Josh Marshall recently highlighted Republican efforts to limit food aid for the summer to rural children only. Let me say that once again for emphasis: “limit food aid…to rural children only.” Much has been made of how gerrymandering has allowed Republicans to choose their voters and become the party of older, rural white people. This is the apogee of confirmation for that theory.
After Paul Ryan’s “inner city men” comments, conservatives argued that there isn’t anything racial about characterizing “inner-city” people as fundamentally lazy and unworthy of access to our social safety net. Apparently they believed their argument was persuasive enough that this explicit exclusion of access to children from the inner city won’t be seen for what it is. What’s scary is that it almost wasn’t.

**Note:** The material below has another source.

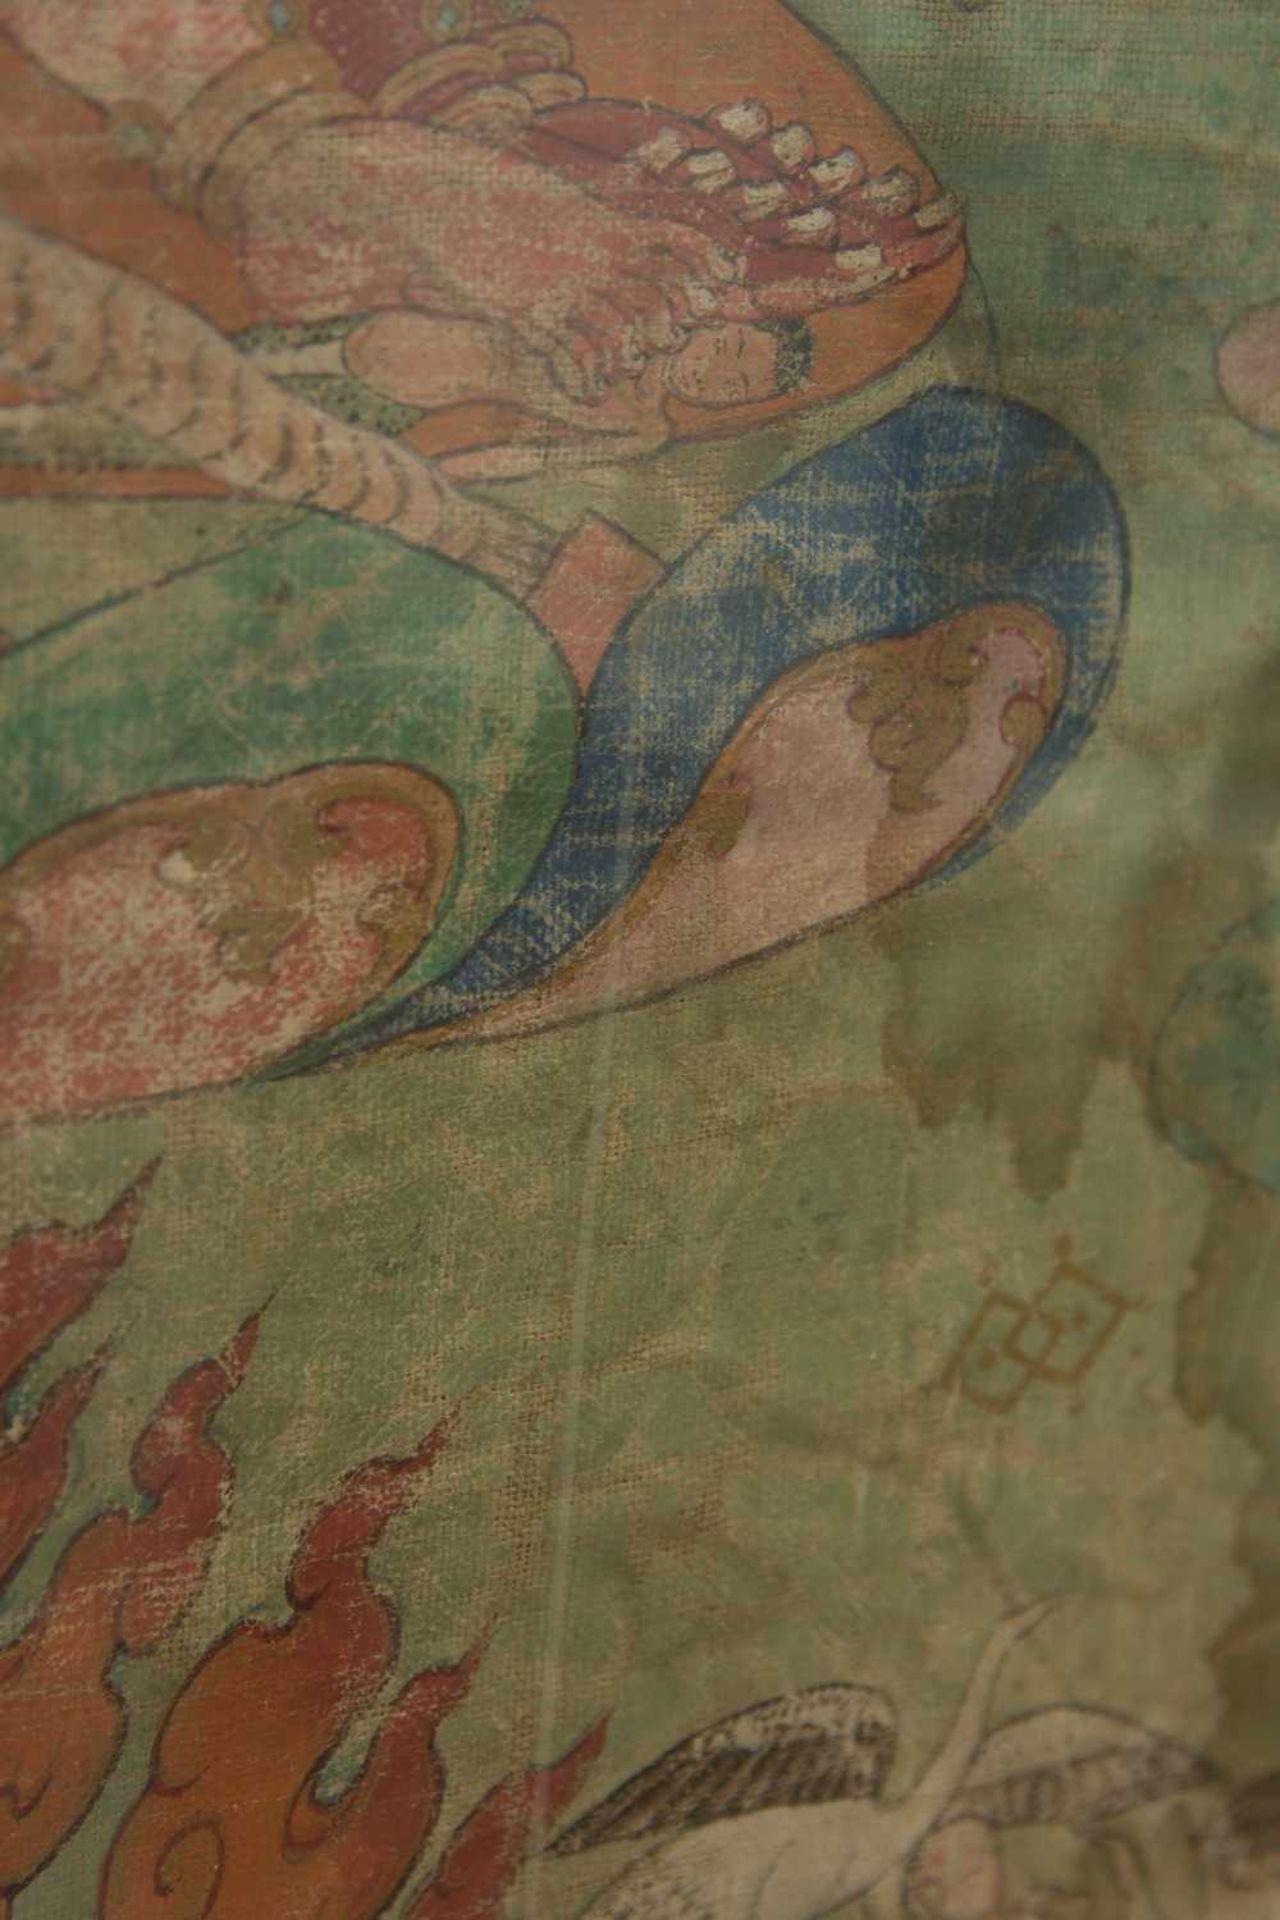 Los 7 - THANGKA MAHAKALA TANZT, Seide auf Leinen, Tibet, spätes 19. Jahrhundert. Antiker Thangka mit

If not for Mr. Marshall’s careful reading, this bold-faced gamble to exclude resources from tax payers would have gone largely unnoticed by our political press. This is how the machinery of systemic discrimination works. While Cliven Bundy and Donald Sterling elicit headlines, institutional racism (pdf) embedded in policy is reinforced.
Let me be clear. Offering food aid to children in rural areas while denying that same aid to children in urban areas is a poorly disguised attempt to replicate the effects of Jim Crow policies. The impetus for the Civil Rights Movement wasn’t merely a desire to be able to sit in the same classroom as white people (although the continued reality of segregation is undeniable), but to demand rightful access to the resources that black tax dollars paid for. Republican attempts to limit aid to “rural kids only” is a thinly veiled challenge to the laws designed to end Jim Crow policies. Combined with recent efforts of voter suppression and the refusal to amend the Voting Rights Act, the Republican position amounts to open contempt for black Americans’ rights as citizens.
Ta-Nehisi Coates has recently made an argument in favor of slavery reparations. The most common retort to Coates’ argument will be that class-based solutions to racial discrimination can be just as effective, without drumming up a racial backlash. With Republicans explicitly inserting language into class-based bills designed to exclude access to “inner-city” kids only, Mr. Coates may find his argument made for him.